■ DATA SECTION:
____________

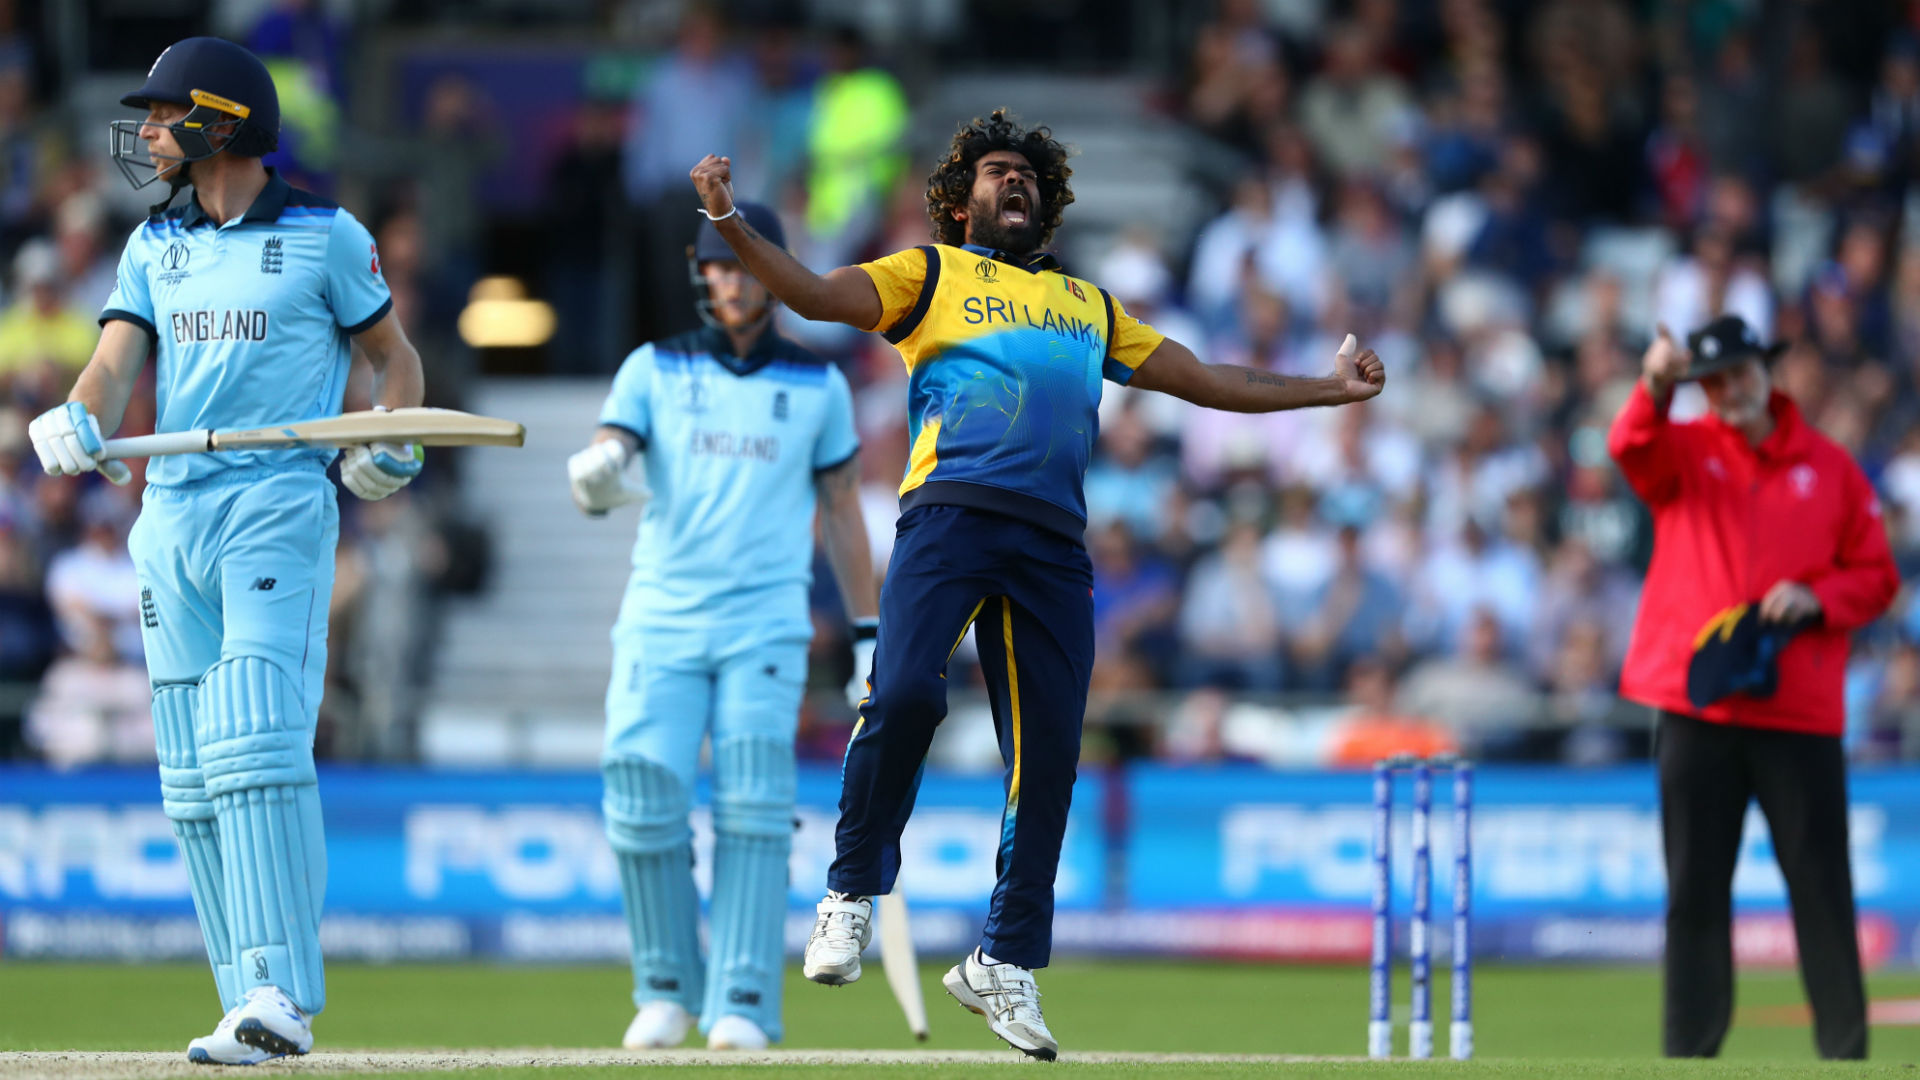 Sri Lanka paceman Lasith Malinga has taken 335 wickets in 225 matches in an ODI career that has spanned 15 years.
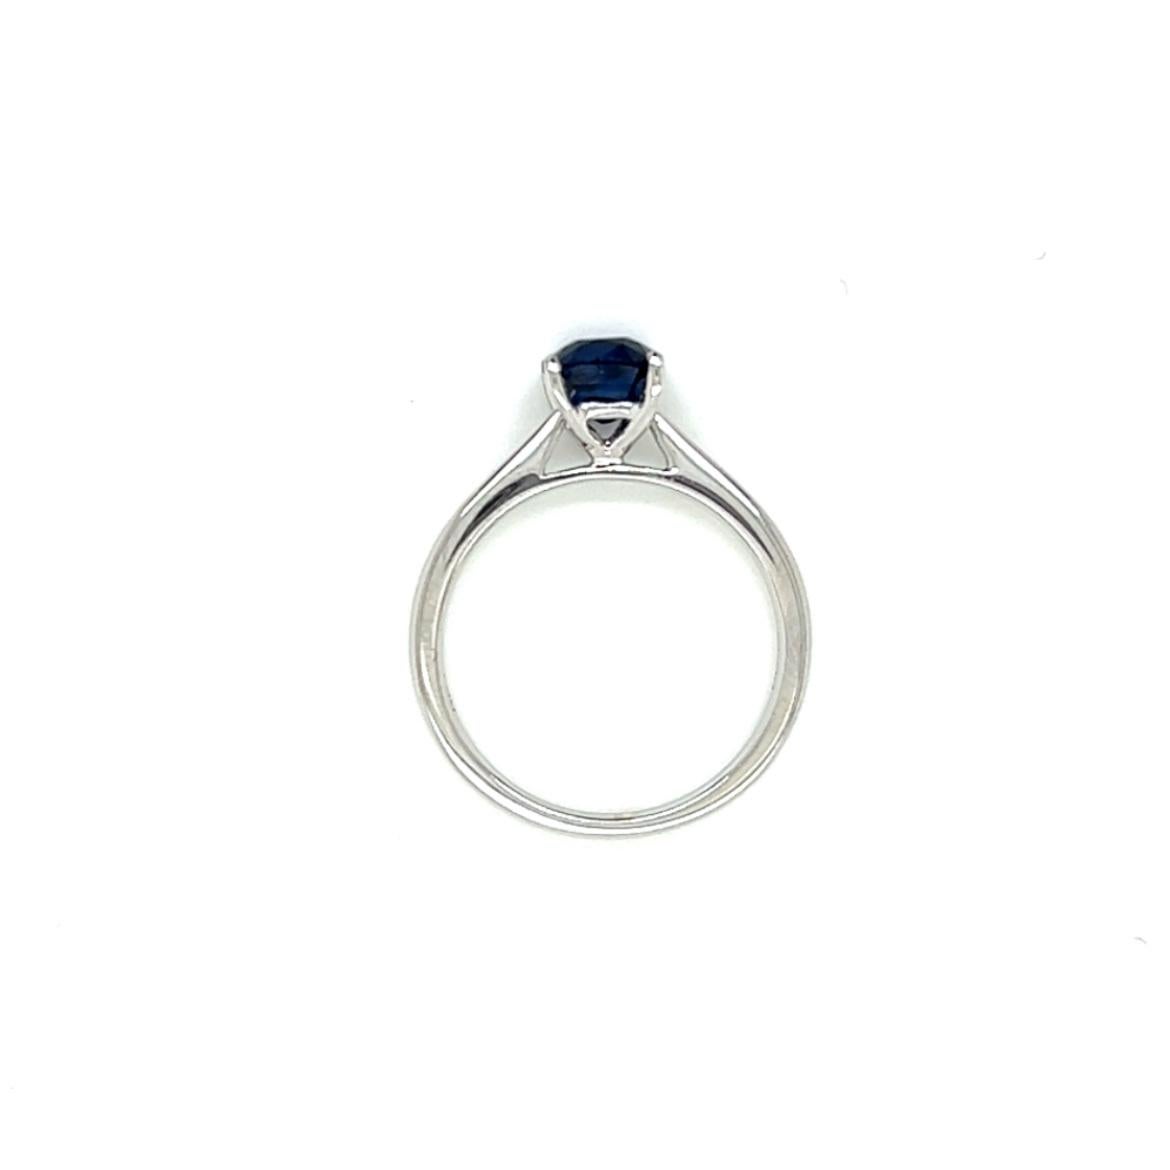 1.28 Carat Cushion cut Blue Sapphire Solitaire Ring in 18K White Gold For Sale 1
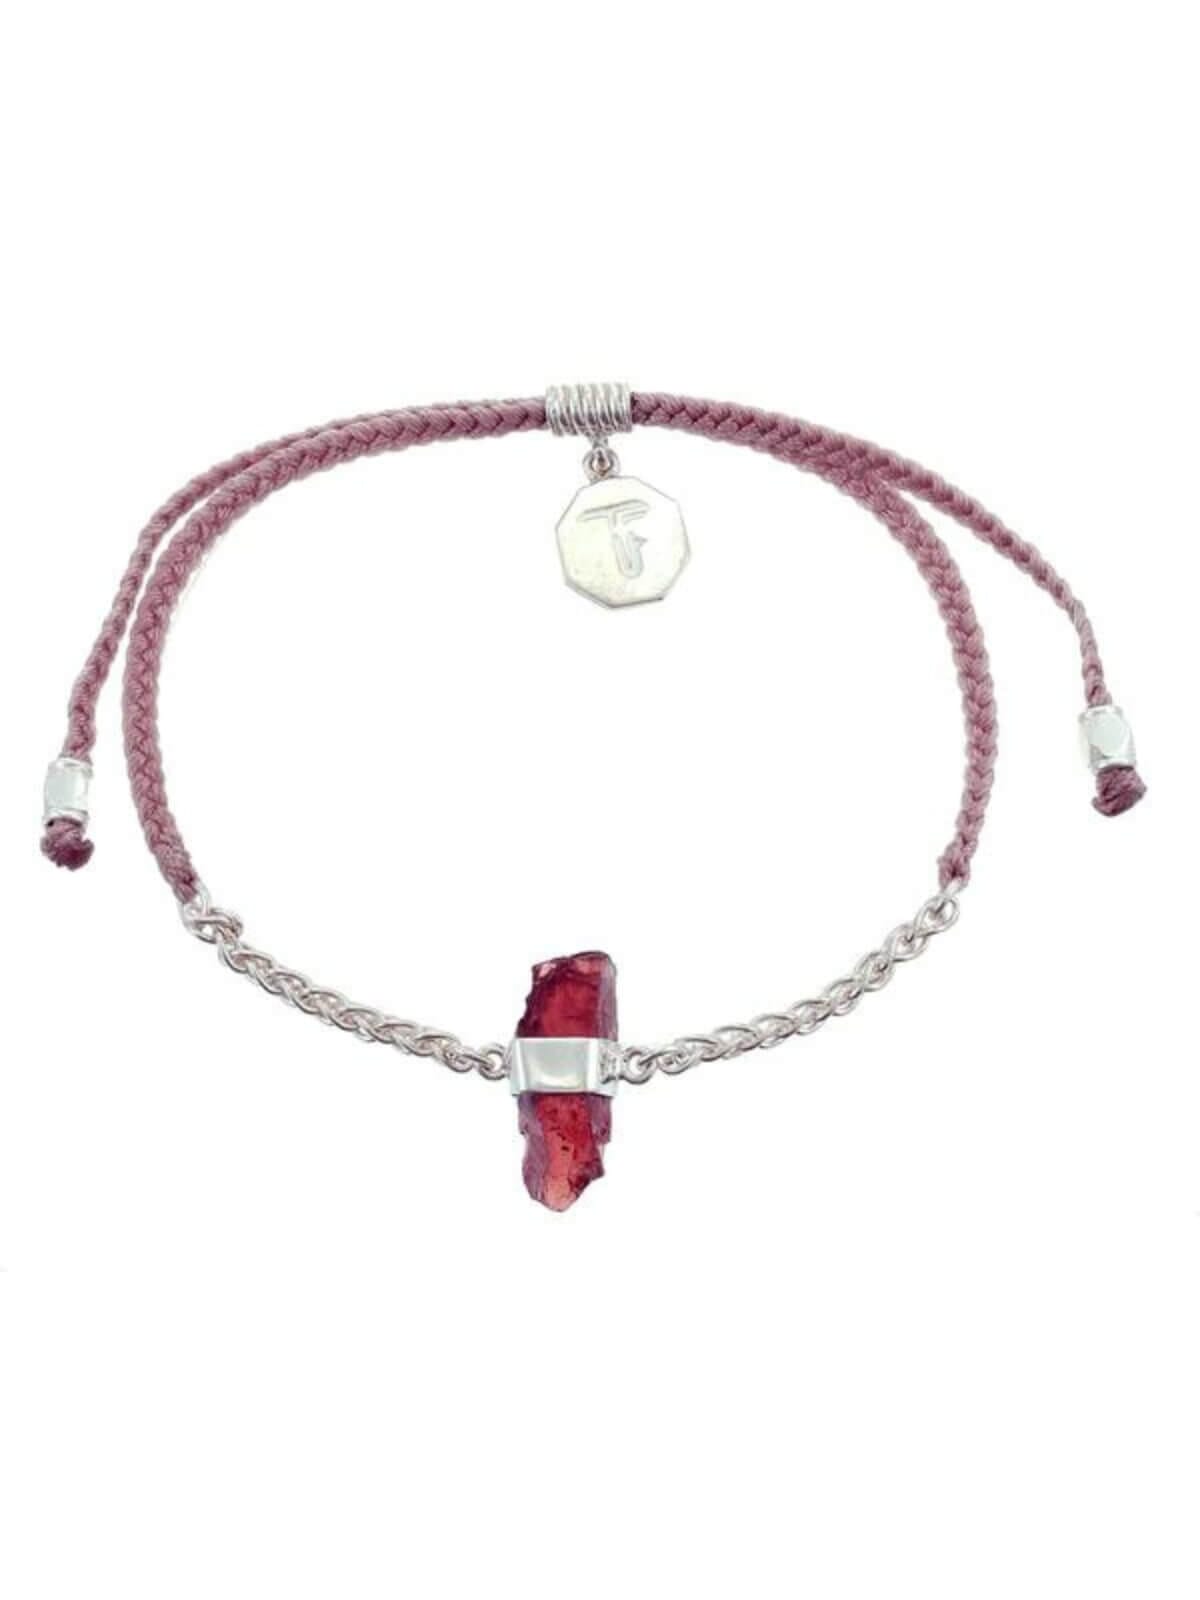 Chain And Cord Crystal Bracelet | Silver - Dusty Pink/Garnet

____________

Only the pictures are to be left out, and all of the data must otherwise be transcribed exactly.

 Sri Lanka paceman Lasith Malinga has taken 335 wickets in 225 matches in an ODI career that has spanned 15 years.
 1.28 Carat Cushion cut Blue Sapphire Solitaire Ring in 18K White Gold For Sale 1
 Chain And Cord Crystal Bracelet | Silver - Dusty Pink/Garnet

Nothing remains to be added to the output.